The new stand set Spurs back more money than they'd ever imagined; nearly 15 years later, they're still paying. The bill is 12 points and no Cup run. Then again, the whole dispiriting football-as-commerce idea was just one part of that tainted footballing era, the Eighties, along with the cold violence of the crowds and the devastating loss of lives. Greed and sham accounting might not be as desperate and awful as the human tragedies of Heysel and Hillsborough, but they do rot the spirit.

According to Sugar's dark pronouncements, there are a lot of chairmen out there with something to confess. This makes you feel even worse because if he's right then the people who run football are never going to do anything about it, otherwise they'll find themselves with a maimed Premiership and a few rounds short of an FA Cup.

Meanwhile, we're going into next season on a minus - so far adrift before a blade of grass has been flattened or a single player has gobbed on the pitch that we're pleading for the humane dispatch of relegation. And how can there be a football season at all if you can't take part in the Cup? I try and tell myself it doesn't matter because there isn't a one in the year and Spurs only win Cups on the cusp of a decade - '01, '21, '61, '81, '91. But then we won in '62 and '82 not to mention in '67 when Terry Venables was in the team. So that's no good. I just feel embarrassed, unlucky.

It's like when you're a kid and someone in your family has been found guilty of some particularly gross misdemeanour, and everyone in your school knows. I started supporting Spurs at 12, fired by the cosmic talents of a side that went on to win the Double, in the days when Double wins didn't come in six-packs. But if I were 12 now, I wouldn't be a Spur.

Sugar? I suspect that inside that stubble-chinned, furrow-faced, bolshy exterior beats the heart of a football romantic, so on that basis I'm on his side. At the moment he's confined himself mainly to scowls from the back seat of his limo and has been filmed coming down more flights of steps than Fred Astaire and Ginger Rogers.

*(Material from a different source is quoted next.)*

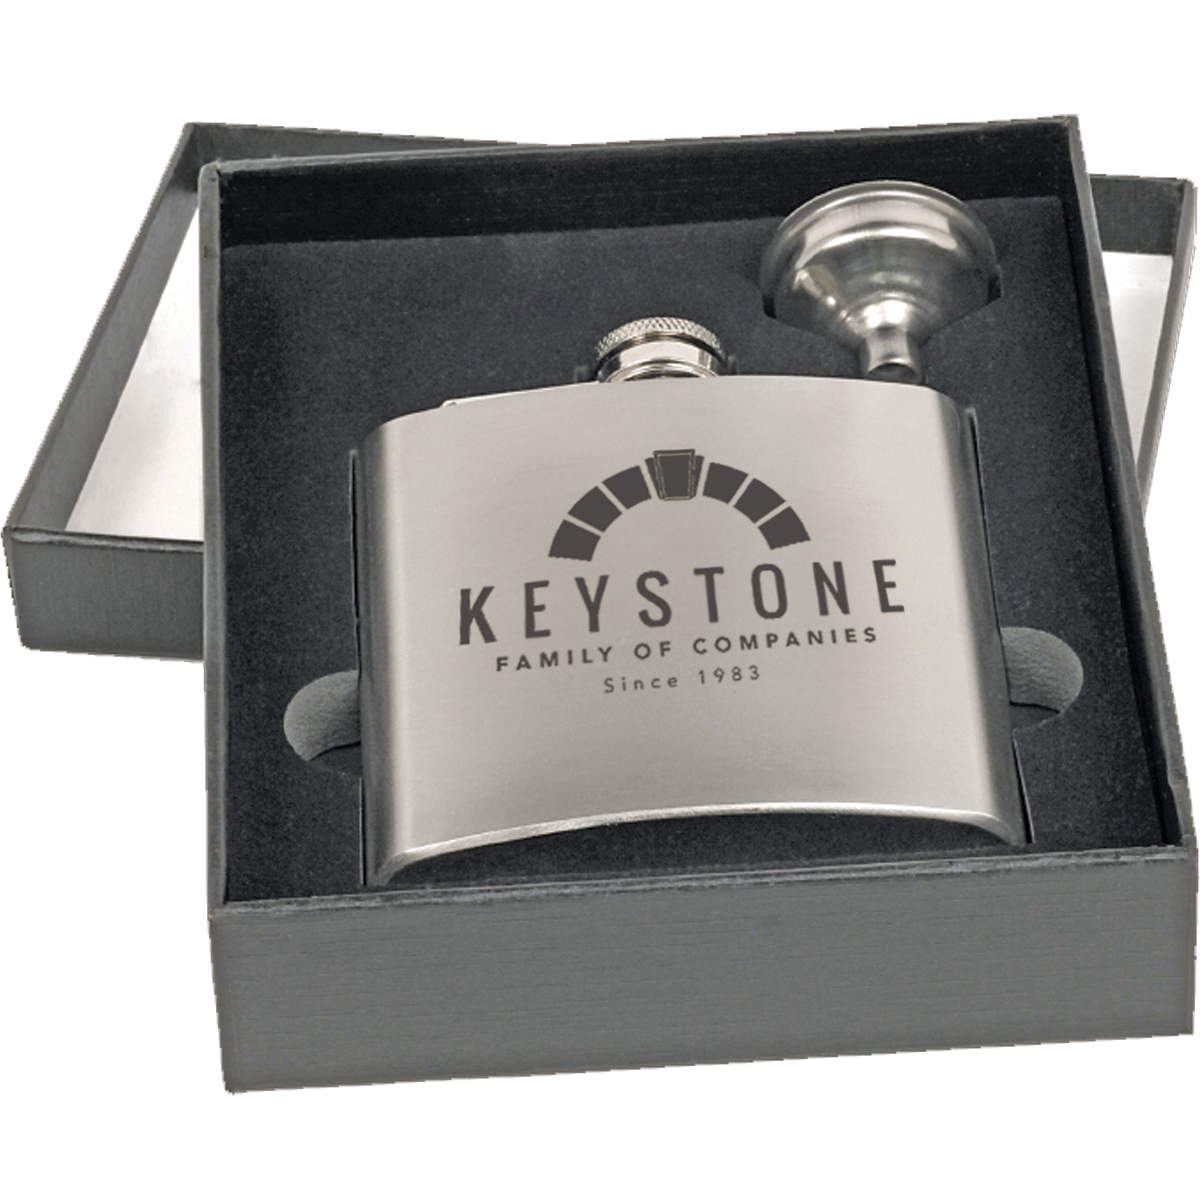 6 oz. Stainless Steel Flask Set in Presentation Box - LZR

A bit of inspirational leadership is what's required now. Ossie Ardiles is trying his best but his oratory in adversity is even more confusing than when he's his normal chirpy self. No, it's got to be Sugar. I don't expect a song-and-dance routine, and the man is never going to die of excess bonhomie, but a bit of We-will-fight-them- on-the-beaches rabble-rousing wouldn't go amiss for the stricken fans. Sugar's motives may not be as Corinthian as you might like, but you still want him to make sure that the people who polluted Spurs and brought them so low won't get away with it. Whoever they are. And then I really will buy another Amstrad.